La Mujer Que Fingió Morir Y Regresó Irreconocible

Status: Terminada
Genre:CEO / Traiciones y engaños / Mujer despreciada / Amante arrepentido / Venganza de la Esposa / Completas
Popularitas:80
Nilai: 5
nombre de autor: Eva Belmont

Isadora Valença creía vivir un matrimonio perfecto… hasta descubrir que su marido la engañaba con su mejor amiga.

Poco tiempo después, un accidente la hace desaparecer.
Para todos, Isadora murió.

Años más tarde, regresa como Lívia Montenegro, una mujer fría, poderosa e irreconocible. Con una nueva identidad y un imperio en sus manos, su único objetivo es ajustar cuentas con el pasado.
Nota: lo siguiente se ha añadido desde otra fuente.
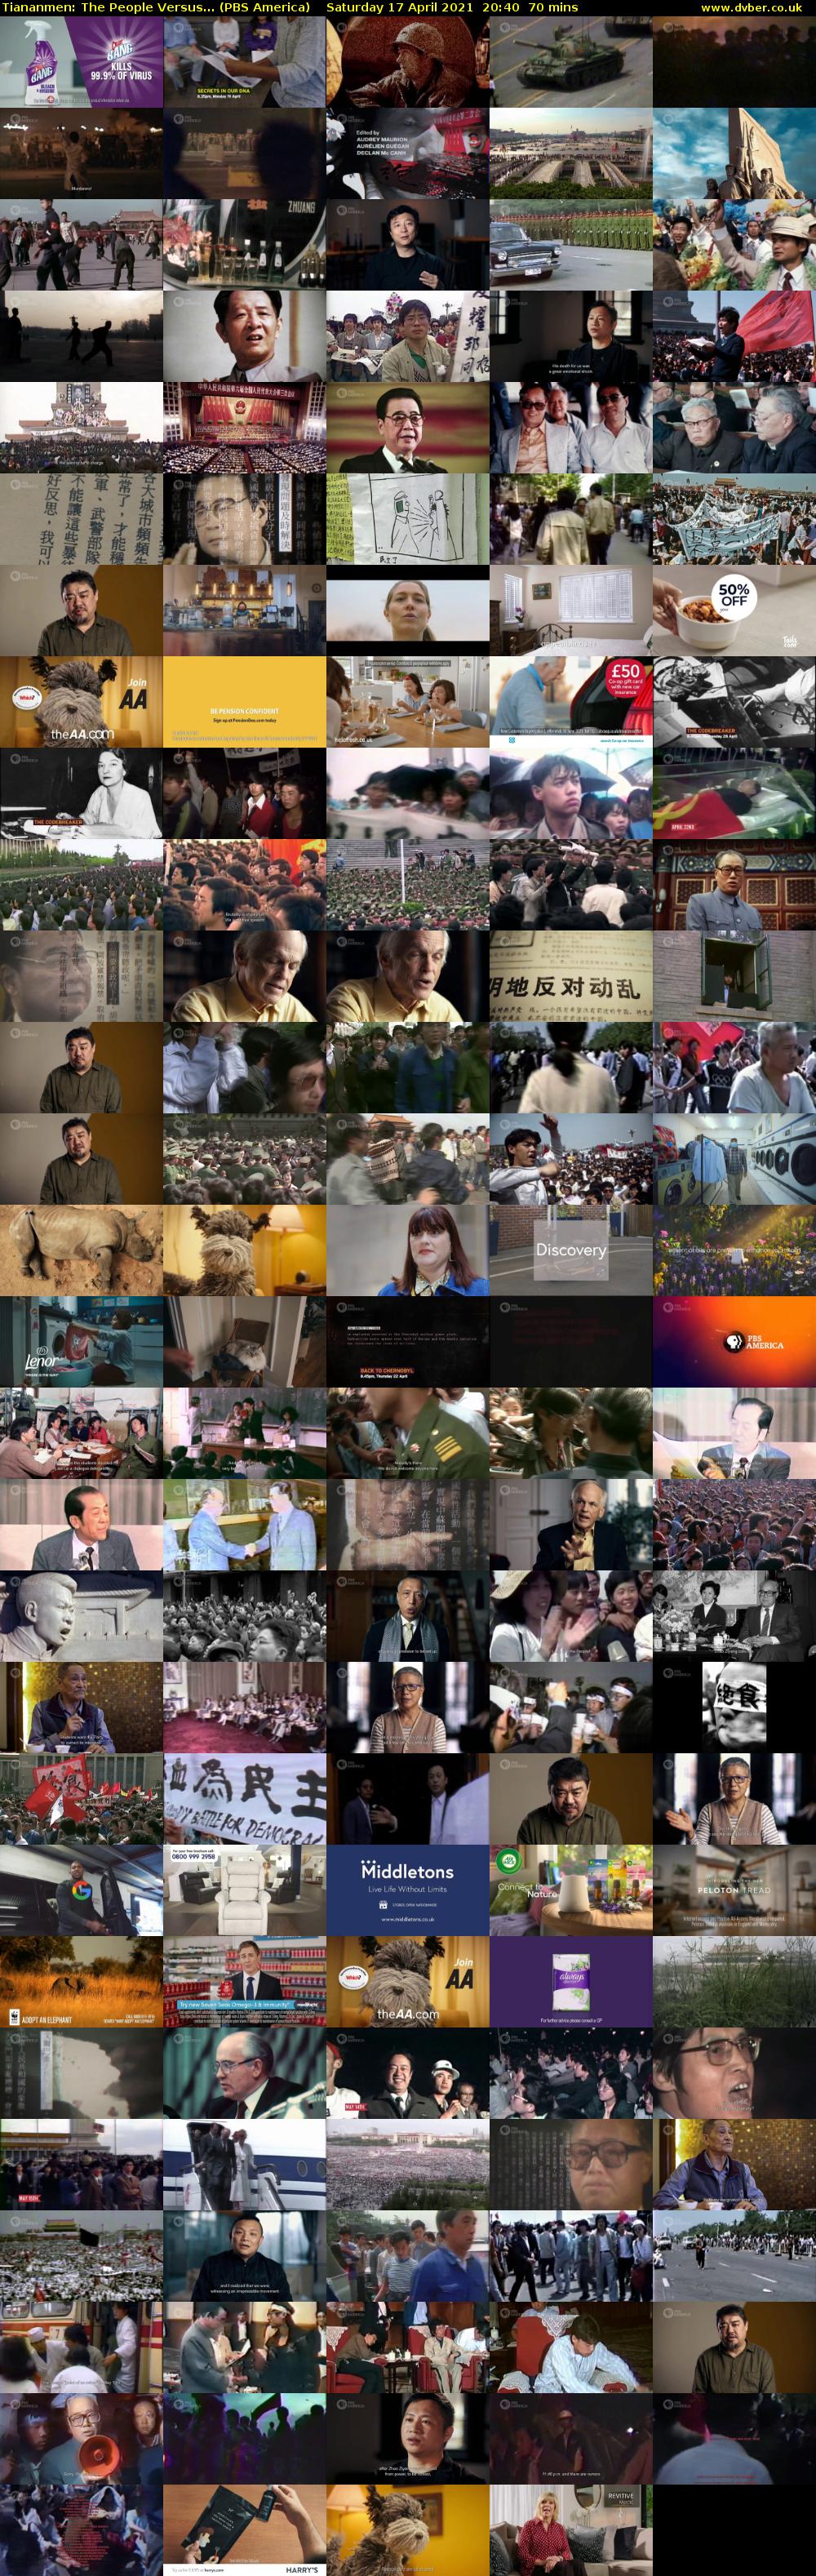 Tiananmen: The People Versus... (PBS America) Saturday 17 April 2021 20:40 - 21:50

El destino la pone nuevamente frente a frente con Adriano Bastos, el hombre que la destruyó. Arrepentido y marcado por la culpa, se enamora de Lívia… sin saber que ella es la esposa que cree haber perdido para siempre.

Entre venganza, deseo y sentimientos sin resolver, Isadora debe decidir:
¿revelar la verdad… o hacerlo pagar hasta el final?

Una historia de renacimiento, poder femenino y venganza emocional.

NovelToon tiene autorización de Eva Belmont para publicar esa obra, el contenido del mismo representa el punto de vista del autor, y no el de NovelToon.

Capítulo 23

Adriano Bastos tomó la decisión equivocada exactamente porque creía estar haciendo la correcta.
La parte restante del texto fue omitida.